医院的职称初评走完了所有的程序,后天就要按指标向市里报材料了。硬件打分、个人述职、*评议,几个环节下来,申报正高职称的11人中刷下了4个,但全院只有6个正高指标,而在符合上报条件的7个人中,余淑敏和刘华秋两人相对年资最短,若按往年不成文的惯例,在同等条件下,高年资的应该优先。就是说,剩下的一个指标,只有在余淑敏和刘华秋之间取舍了。余淑敏在职评会议上主动提出,“我是总支委员,又是职评小组成员,还是我退出,让刘主任上吧。”
然而,与会同志除了徐淦棠不吭气,其他七名成员都表示反对,认为这对余淑敏不公平。余淑敏的姿态也让他们感动,建议向上反映增加指标。袁晓萍面向张继军说:“那只有你出面要指标了。”
翌日一上班,张继军便给卫生局人事科长打电话,反映了医院职称评审中遇到的实际情况,请求局里增拨一个正高级指标。
“老张啊,你说的我能理解,我可以向贾局反映,你是否也给他去个电话,我一定配合。”人事科长答复道。
张继军料定贾荣不会帮他这个忙,如果找了他不答应再找上级就更难办了。他果断地拨通了何副市长的手机。
“老张啊,我以为你永远不会主动给我打电话呢!”何副市长很随意地说,听得出来,他情绪不错。

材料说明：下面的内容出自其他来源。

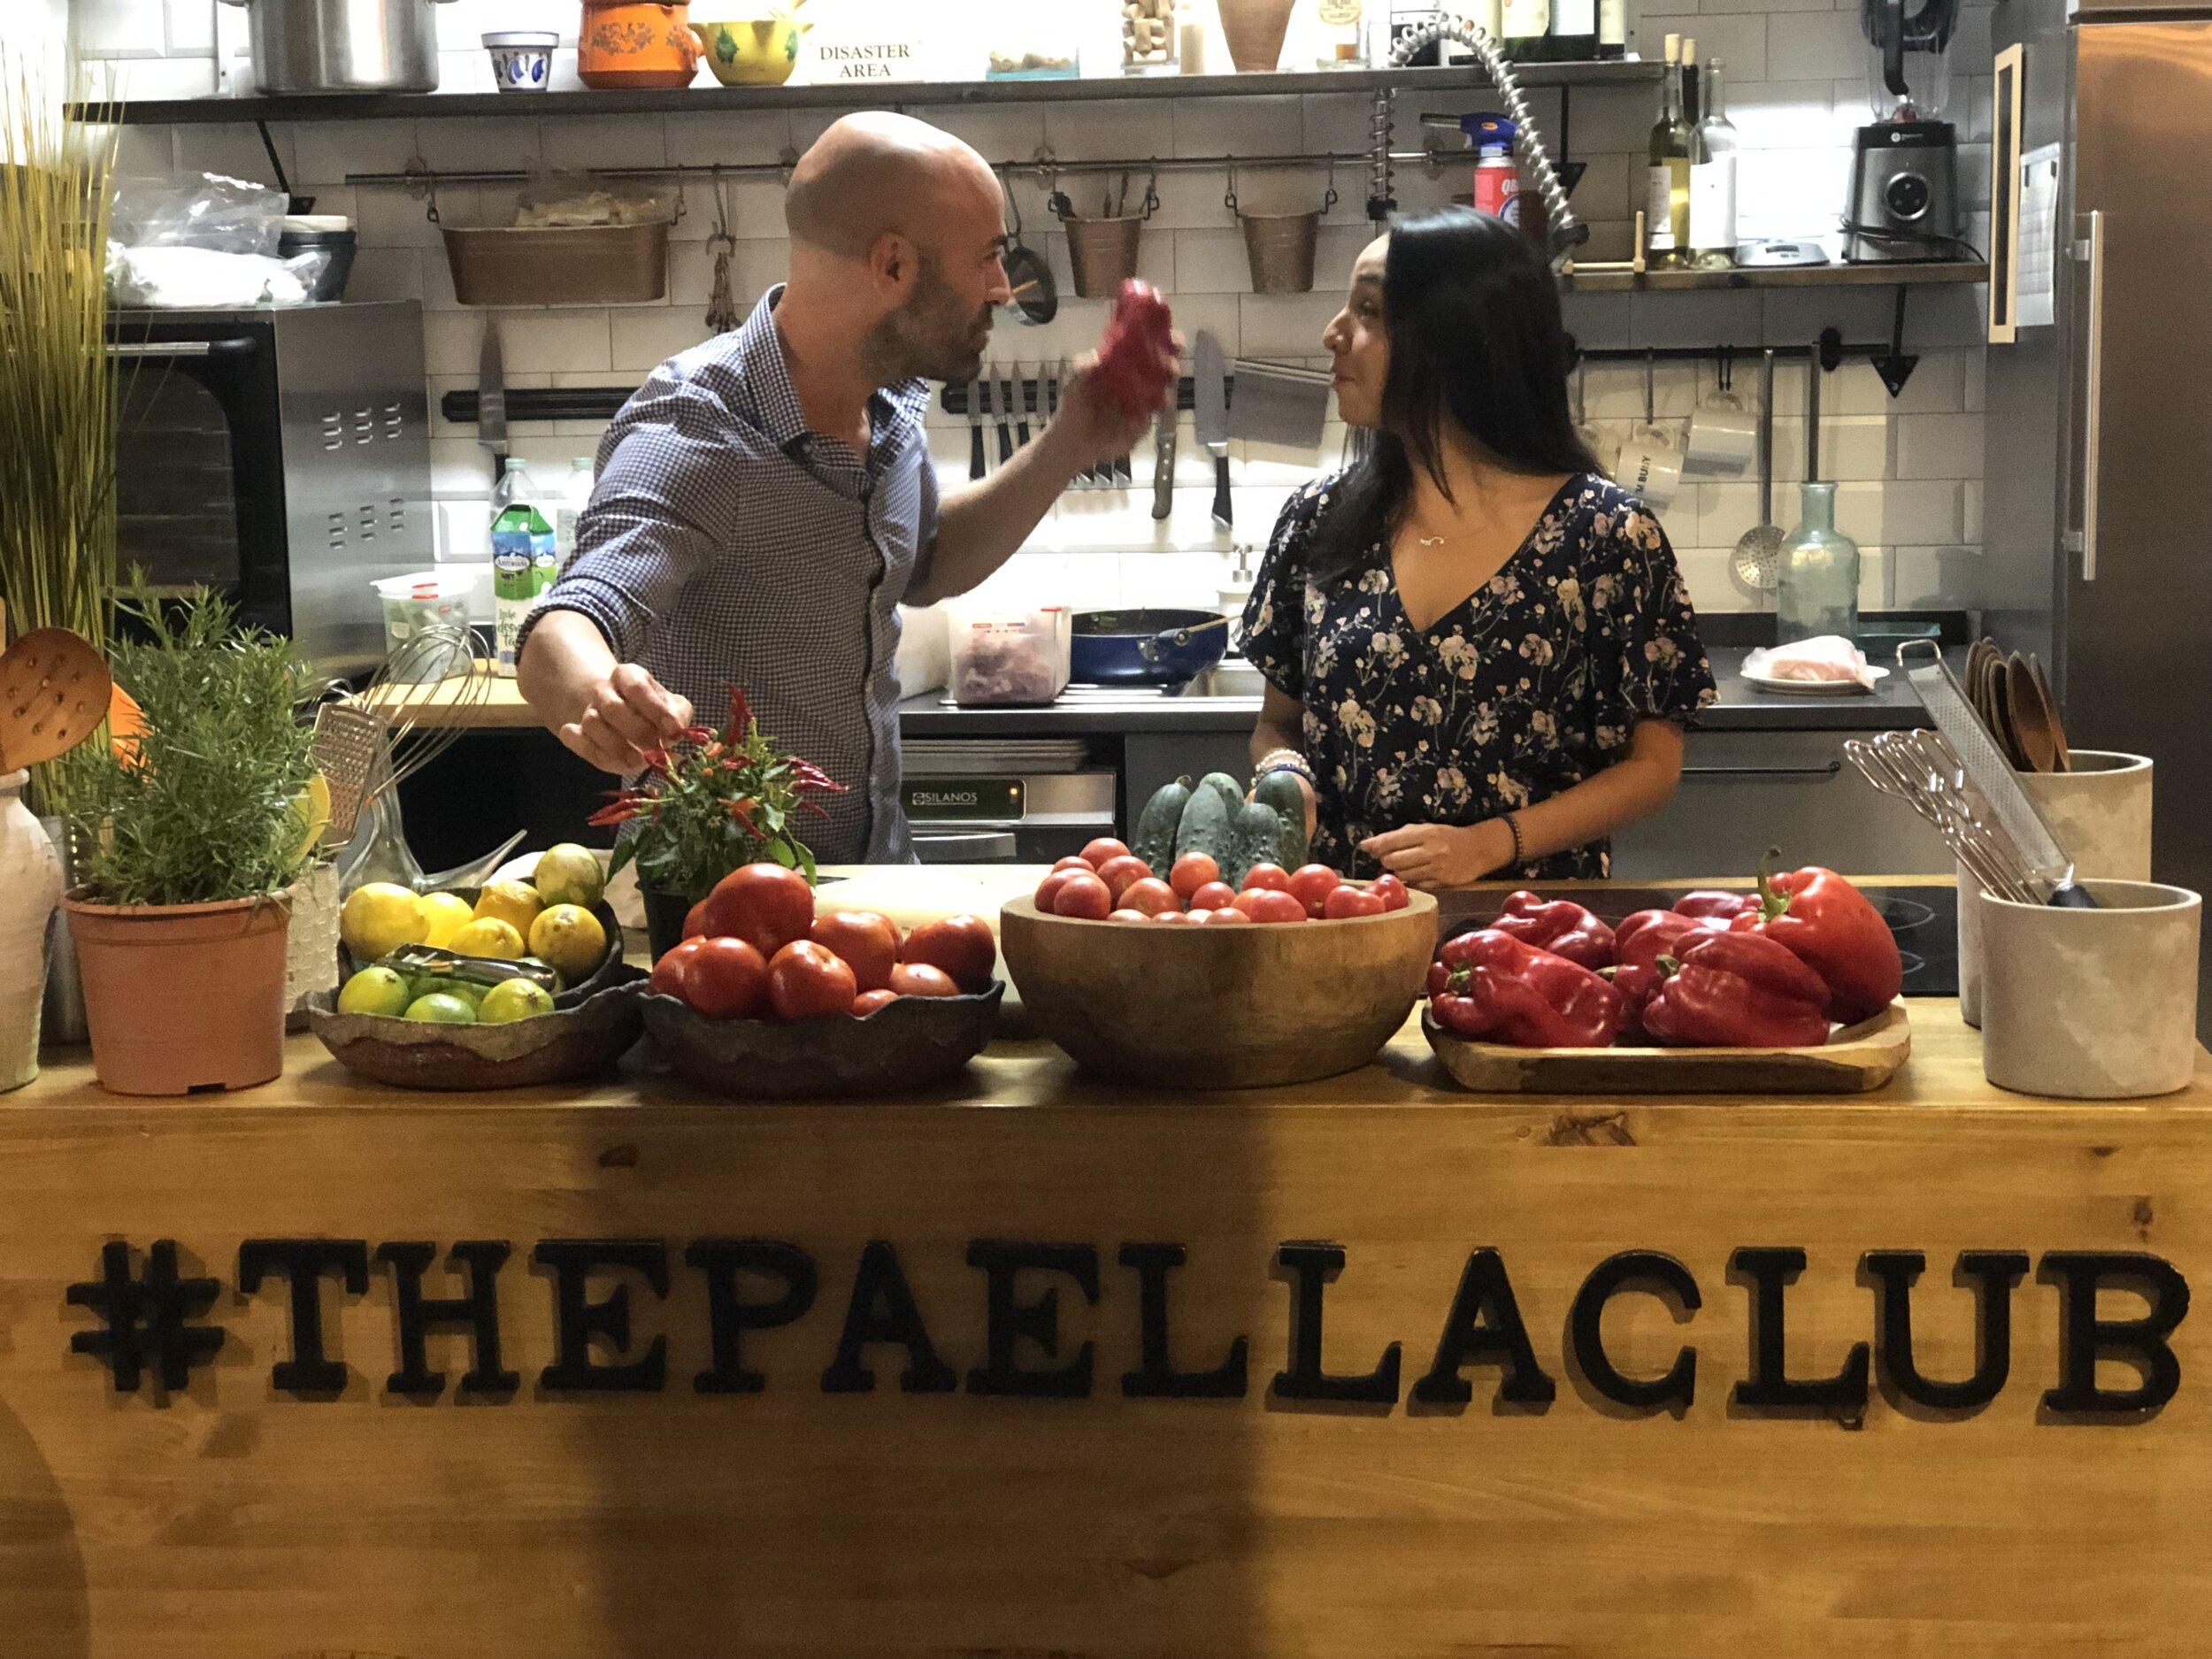 Una conversación distendida entre Alex y Marina frente a algunos alimentos.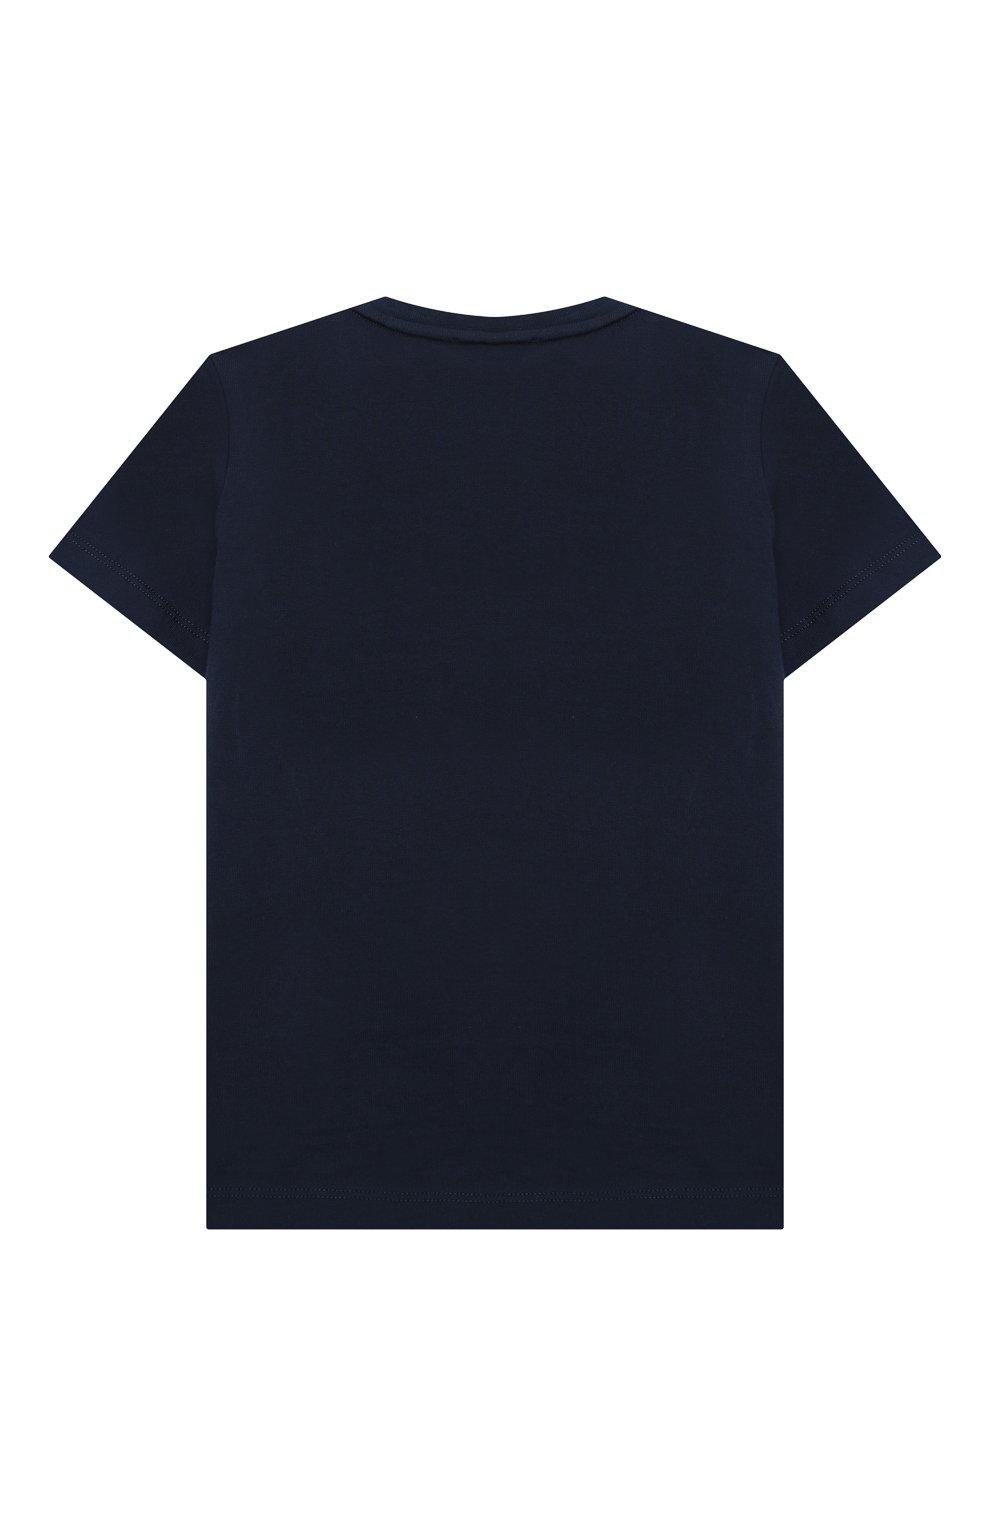 Детского комплект из футболки и шорт EMPORIO ARMANI темно-синего цвета, арт. 3K4VJG/4JJGZ | Фото 3 (Рукава: Короткие; Материал внешний: Хлопок; Мальчики Кросс-КТ: Костюмы-спорт; Ростовка одежда: 10 - 11 лет | 140 - 146см, 13 - 15 лет | 158 см, 16 лет | 164 см, 4 года | 104 см, 5 лет | 110 см, 6 лет | 116 см, 7 лет | 122 см, 8 лет | 128 см)

张继军是刻意与何副市长保持距离的,越级与领导走得太近,难免有趋炎附势之嫌。张继军忙说,“您工作忙,我怕打搅您……”
何副市长笑道:“你今天也不是想与我闲聊吧?有什么重要的事,说吧。”
张继军言简意赅地说:“医院职称评审出现了难题,其中两个人都是我院的干将,把谁淘汰下去我都摆不平,也会影响他们的积极性,请您帮忙增加一个正高指标。”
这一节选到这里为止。